The result was that while raids were conducted on liquor-serving establishments whose owners opposed Brayton’s political machine, others were ignored or given advance warning. In a report published after Brayton’s resignation as Chief of Police, the Pawtuxet Valley Gleaner explained how the prohibition law was “enforced:”
…special officers would go to the most notorious areas of Warwick, raid one establishment there, where the owner was known to be against Brayton’s “machine” and then stand on a corner where they would be conspicuous. After a while, they would slowly walk down the street and investigate establishments under complaint.[6]
Those who supported temperance believed that Knight was complicit with Brayton in these actions, and in the next election, a coalition of the newly formed Citizens Party swept the City Council president and other City Council Members from office. The new City Council took action for reforms, and for a time, the sale of liquor was even prohibited at the entertainment venue at Rocky Point. By 1888, however, the State had decided that prohibition was too costly to enforce, and the anti-alcohol act was once again repealed. In its place, a law was passed that authorized each incorporated town or village to determine if it would be “wet” or “dry.”
The General Assembly’s action, leaving each village and town with the choice of whether or not to allow the sale of liquor, largely ended the violence that ensued when prohibition supporters rallied outside of neighborhood bars. Most Rhode Island towns allowed liquor-serving taverns and saloons, but imposed their own ordinances on the hours the establishments could be opened and closed, and the penalties for violations, including excessive drinking. Local churches as well, began to focus on families within their congregations, organizing family picnics on Sunday afternoons and establishing campgrounds from the shore along Cole Farm to Warwick Downs.
Nationally, the fight for prohibition continued, eventually leading in 1919 to the passage by the U.S. Congress of the Volstead Act, which banned the sale of liquor nationwide in 1920. Both houses of the Rhode Island General Assembly voted against adopting the law, and Providence remained well known as an “open town.”[7] As historian William McLoughlin noted, “Rhode Islanders fought bitterly against the Prohibition amendment in 1918 and ours was one of two states in the Union that never ratified it.”[8] But enough states did ratify the amendment for it to become law. Rhode Island, with its many harbors and coves, was to become one of the key places for gangsters to smuggle illegal spirits into the country during the period of prohibition, as will be described in Part II of this article.
(Banner Image: Reward posted for information leading to the arrest of the murderer of Burrill Arnold (Russell J. DeSimone Collection))
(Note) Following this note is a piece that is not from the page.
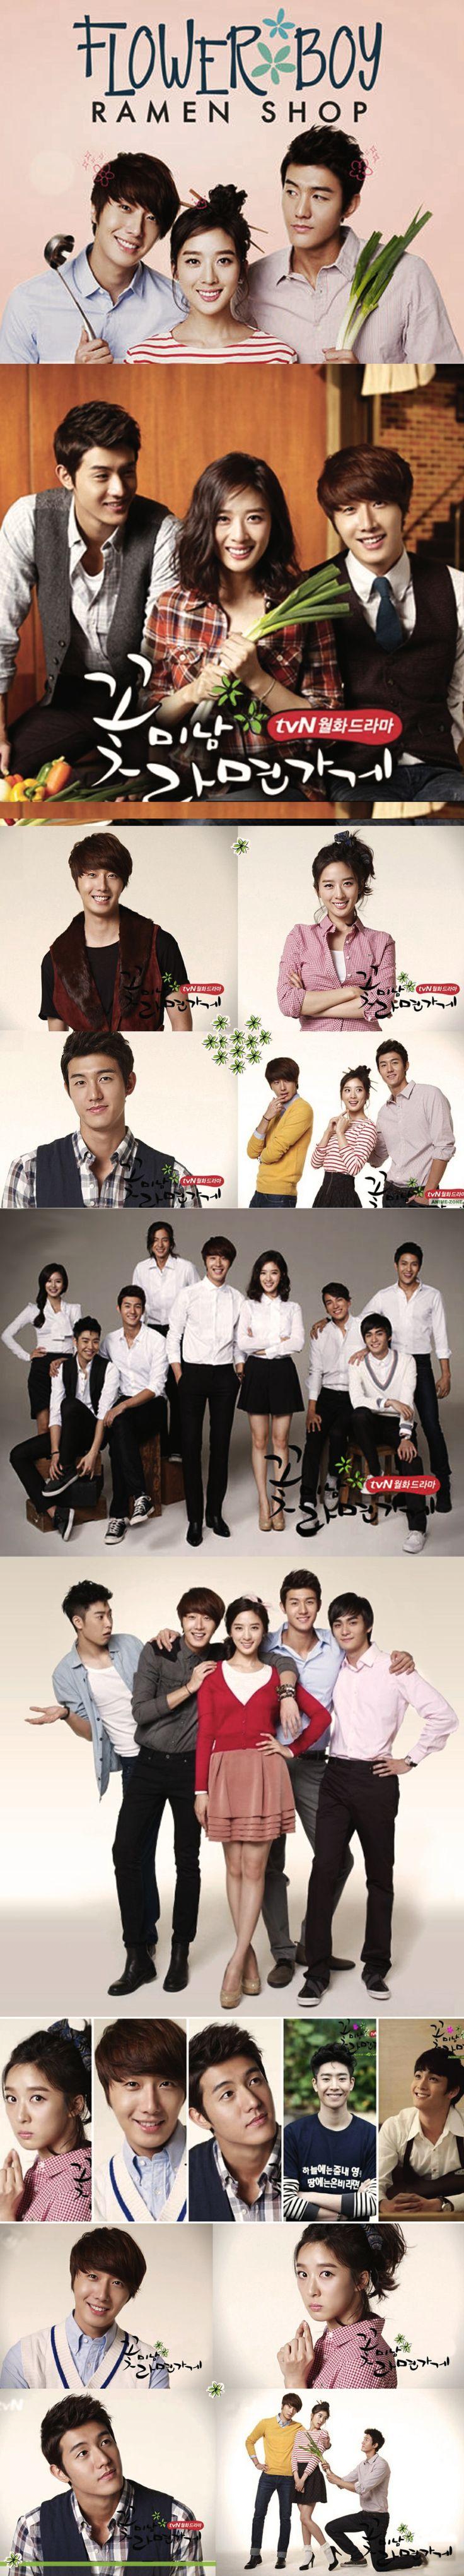 Flower Boy Ramen Shop (꽃미남 라면가게) - Kdrama 2011 - 16 episodes - Jung Il-woo / Lee Chung-ah / Lee Ki-woo / Park Min-woo / Jo Yoon-woo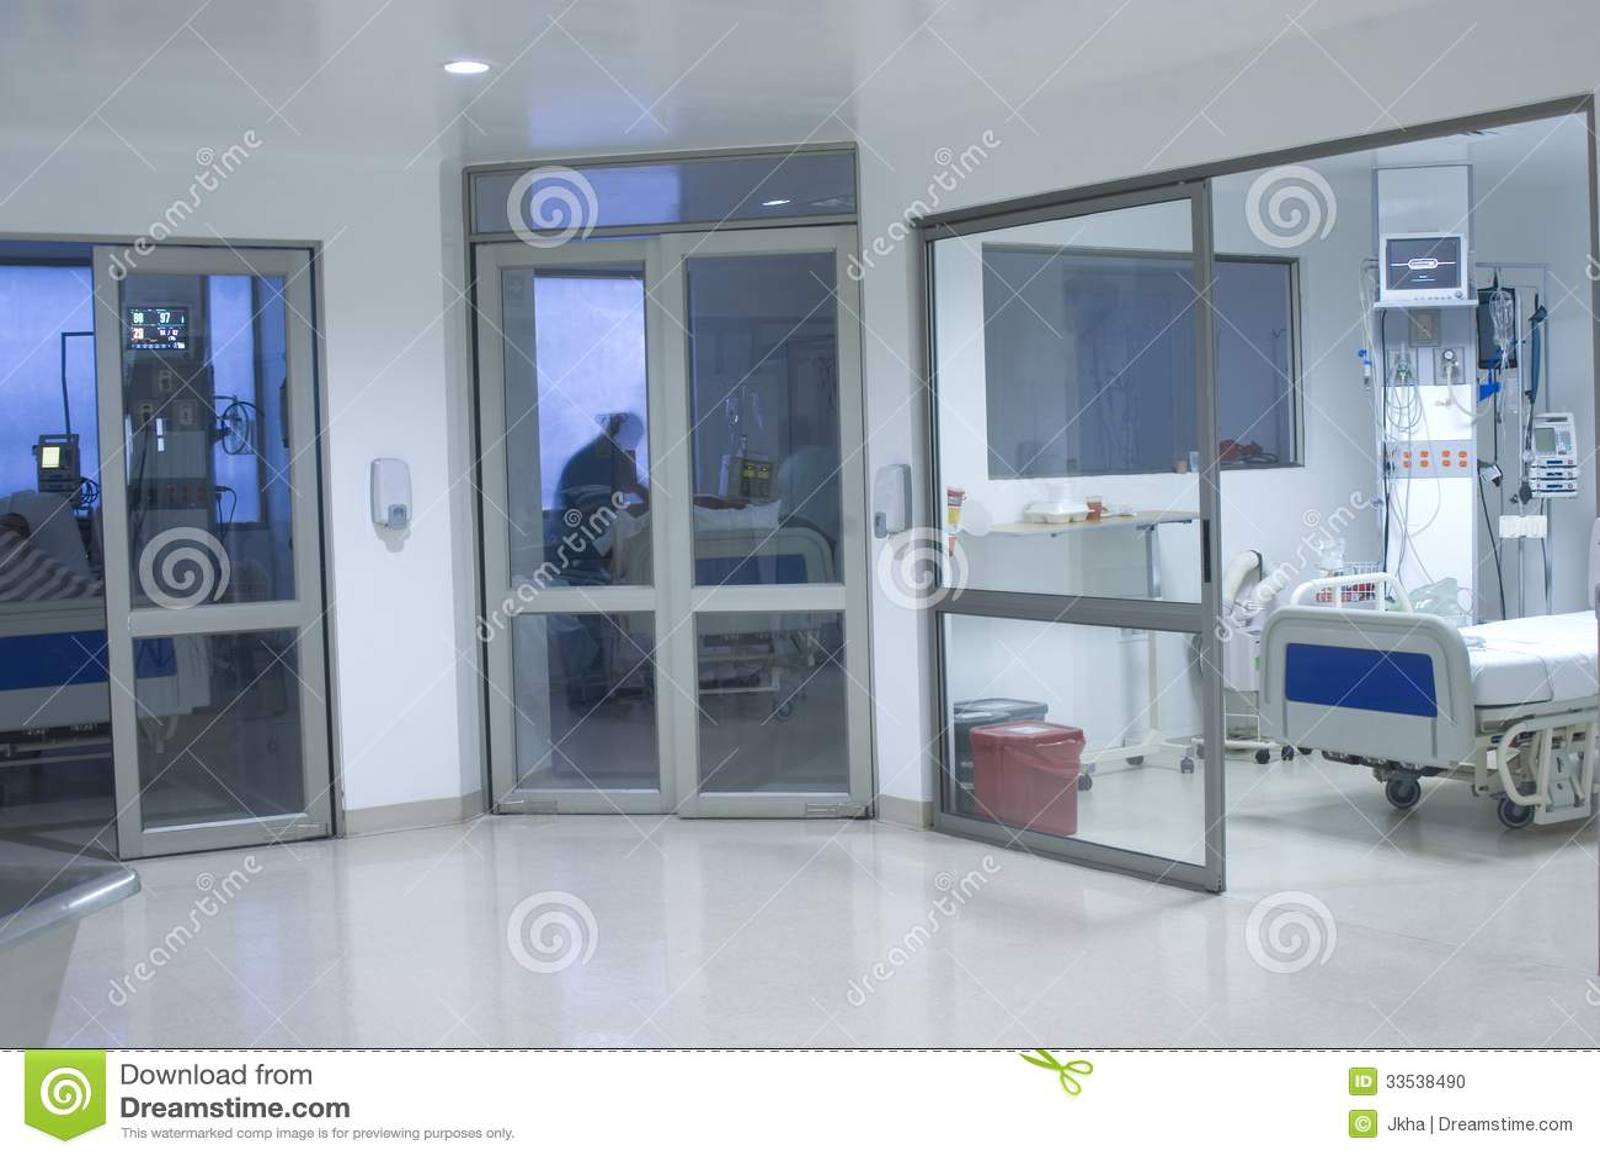 intrieur de couloir lintrieur dun hpital moderne photo stock - Hapital Moderne

[1] Oliver Payson Fuller, TheHistory of Warwick, Rhode Island (Providence, RI: Angel, Burlingame & Co., 1875), p. 323. [2] The tavern was opened by Colonel John McGregor in 1783. It became a temperance tavern in 1831. See Robert A. Geake, Historic Taverns of Rhode Island (Charleston, S.C.: The History Press, 2012), p. 23. [3] Donald D’Amato, Warwick: A City at the Crossroads (Charleston, SC: Arcadia Press, 2001), pp. 92-93. [4] Martha P. McPartland, The History of East Greenwich, Rhode Island 1677-1960 (East Greenwich, RI: East Greenwich Free Library Association, 1960), pp. 192-193. [5] Fuller, History of Warwick, p. 195. [6] Squire G. Wood, A History of Greene and Vicinity 1845-1929 (Providence, RI: Privately Printed, 1936), p.47. [7] D’Amato, Warwick, A City at the Crossroads, pp. 92-93. [8] William G. McLoughlin, “Ten Turning Points in Rhode Island History,” Rhode Island History, vol. 45, no. 2 (May 1986), p. 42.